The liquidity of the financial markets, discounted under normal conditions, tends to dry up in complex phases such as these. Due to the torrential sales of shares and the incessant purchases of bonds, in many cases we have come to not find demand for the former and supply for the latter. Volatility has become a very high risk factor for anyone wishing to enter the stock or bond market now.
The real estate market is marked by greater stability. It is difficult, indeed impossible, to imagine that the sale price of a property will drop by 20-30% over the course of a few days or even months, while it is a predictable reality for financial instruments.
In addition, the property tends to guarantee an almost stable income. Taking the American market as a reference, where in the last decade the rent has grown by 3% per year, more than inflation itself, real estate investment has shown itself capable of protecting the purchasing power of capital.
Another interesting element is that as Wall Street plunged into the financial crisis between 2008 and 2009, the average rent continued to rise, albeit slowing down. Rent tends to rise more slowly when the economy is bad, but never to retreat in absolute terms, as confirmed by the three previous recessions in the US. Indeed, in the penultimate at the beginning of the millennium, there was even an acceleration.
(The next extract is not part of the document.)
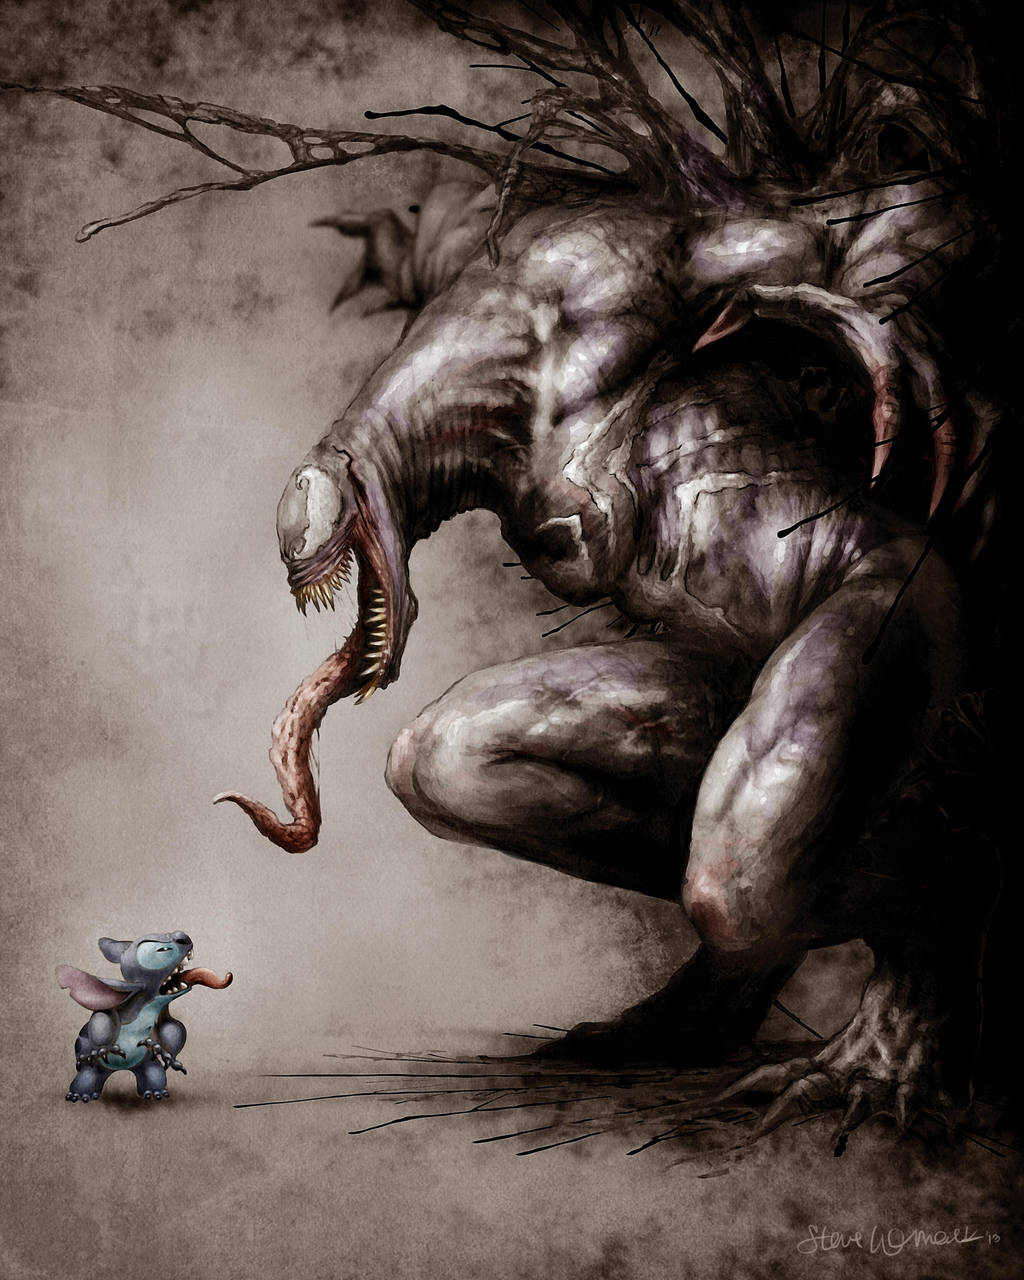 Stitch vs Venom by SBWomack

Ultimately, the crisis does not eliminate the need to have, sell or buy a home and, however much it may reduce the liveliness of the real estate market, there will always be a minimum demand available which in fact acts as a "floor" for prices. , which cannot be taken for granted for financial stocks, characterized by greater volatility and sudden collapse of liquidity in trading.
The property will once again be perceived in the coming months, or perhaps years, as the long-term safe investment par excellence, that is, a certainty even in times of crisis.